TO DO:
Only the lines from the top of the data through the line with "Floral Arrangement Hat" should be repeated, each exactly as written.

(Beginning of AVAILABLE DATA)

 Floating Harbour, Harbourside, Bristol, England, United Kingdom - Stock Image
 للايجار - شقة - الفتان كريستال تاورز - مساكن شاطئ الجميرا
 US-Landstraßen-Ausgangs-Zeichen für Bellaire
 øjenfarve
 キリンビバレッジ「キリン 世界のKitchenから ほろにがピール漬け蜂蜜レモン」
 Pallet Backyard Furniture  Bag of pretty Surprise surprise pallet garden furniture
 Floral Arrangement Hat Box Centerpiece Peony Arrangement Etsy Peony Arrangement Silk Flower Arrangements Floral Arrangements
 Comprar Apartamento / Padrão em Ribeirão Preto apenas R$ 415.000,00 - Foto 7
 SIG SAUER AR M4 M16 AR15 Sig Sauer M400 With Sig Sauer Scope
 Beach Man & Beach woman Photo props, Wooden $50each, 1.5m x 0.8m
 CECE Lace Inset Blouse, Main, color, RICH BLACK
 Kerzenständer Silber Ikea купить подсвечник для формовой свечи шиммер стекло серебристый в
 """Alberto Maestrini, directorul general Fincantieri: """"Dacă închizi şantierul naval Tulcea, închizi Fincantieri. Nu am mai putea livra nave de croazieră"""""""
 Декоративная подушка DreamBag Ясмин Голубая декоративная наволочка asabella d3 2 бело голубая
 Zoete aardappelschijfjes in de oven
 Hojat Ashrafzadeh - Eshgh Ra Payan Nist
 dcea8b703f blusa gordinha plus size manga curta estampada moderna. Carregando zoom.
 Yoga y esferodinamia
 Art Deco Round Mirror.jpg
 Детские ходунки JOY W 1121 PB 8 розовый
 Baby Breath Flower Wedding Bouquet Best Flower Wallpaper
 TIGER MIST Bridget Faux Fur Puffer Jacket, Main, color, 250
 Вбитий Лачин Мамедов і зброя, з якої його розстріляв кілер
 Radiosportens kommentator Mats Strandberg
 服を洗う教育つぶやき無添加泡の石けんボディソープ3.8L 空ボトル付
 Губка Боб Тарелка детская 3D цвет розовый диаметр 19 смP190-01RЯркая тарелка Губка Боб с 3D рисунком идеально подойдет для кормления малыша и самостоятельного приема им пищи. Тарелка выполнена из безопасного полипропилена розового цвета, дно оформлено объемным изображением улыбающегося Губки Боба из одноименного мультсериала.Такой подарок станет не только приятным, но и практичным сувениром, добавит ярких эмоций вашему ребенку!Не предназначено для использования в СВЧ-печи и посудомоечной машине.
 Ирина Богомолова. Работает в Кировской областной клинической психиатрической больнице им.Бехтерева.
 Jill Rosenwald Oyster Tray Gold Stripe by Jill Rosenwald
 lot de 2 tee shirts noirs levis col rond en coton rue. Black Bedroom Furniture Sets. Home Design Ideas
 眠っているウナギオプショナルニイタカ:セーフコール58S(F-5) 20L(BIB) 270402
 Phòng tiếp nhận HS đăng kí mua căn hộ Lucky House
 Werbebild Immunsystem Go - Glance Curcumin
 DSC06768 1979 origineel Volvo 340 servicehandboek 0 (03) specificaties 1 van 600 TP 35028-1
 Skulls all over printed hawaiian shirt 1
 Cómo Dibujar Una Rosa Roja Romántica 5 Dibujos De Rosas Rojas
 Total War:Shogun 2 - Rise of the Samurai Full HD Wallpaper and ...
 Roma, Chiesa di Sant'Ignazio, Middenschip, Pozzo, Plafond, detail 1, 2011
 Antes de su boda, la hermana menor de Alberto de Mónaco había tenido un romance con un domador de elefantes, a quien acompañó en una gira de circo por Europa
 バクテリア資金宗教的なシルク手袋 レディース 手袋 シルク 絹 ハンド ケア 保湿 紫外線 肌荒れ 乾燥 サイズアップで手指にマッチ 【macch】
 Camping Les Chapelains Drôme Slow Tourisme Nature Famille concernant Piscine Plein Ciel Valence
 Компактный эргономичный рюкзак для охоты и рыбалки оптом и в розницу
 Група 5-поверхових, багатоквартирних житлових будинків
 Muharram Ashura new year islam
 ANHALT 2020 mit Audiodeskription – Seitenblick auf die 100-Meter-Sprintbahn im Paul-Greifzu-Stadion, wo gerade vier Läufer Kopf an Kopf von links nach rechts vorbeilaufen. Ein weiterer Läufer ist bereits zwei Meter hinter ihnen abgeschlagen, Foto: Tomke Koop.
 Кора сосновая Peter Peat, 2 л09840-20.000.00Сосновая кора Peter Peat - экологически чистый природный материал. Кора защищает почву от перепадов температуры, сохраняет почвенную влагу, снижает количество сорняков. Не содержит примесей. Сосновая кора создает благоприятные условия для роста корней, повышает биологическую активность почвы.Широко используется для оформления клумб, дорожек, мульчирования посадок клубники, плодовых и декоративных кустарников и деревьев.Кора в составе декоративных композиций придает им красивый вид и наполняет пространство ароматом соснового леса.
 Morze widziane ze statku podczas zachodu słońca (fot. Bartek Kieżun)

(End of AVAILABLE DATA)

THE COMPLETED TASK:
 Floating Harbour, Harbourside, Bristol, England, United Kingdom - Stock Image
 للايجار - شقة - الفتان كريستال تاورز - مساكن شاطئ الجميرا
 US-Landstraßen-Ausgangs-Zeichen für Bellaire
 øjenfarve
 キリンビバレッジ「キリン 世界のKitchenから ほろにがピール漬け蜂蜜レモン」
 Pallet Backyard Furniture  Bag of pretty Surprise surprise pallet garden furniture
 Floral Arrangement Hat Box Centerpiece Peony Arrangement Etsy Peony Arrangement Silk Flower Arrangements Floral Arrangements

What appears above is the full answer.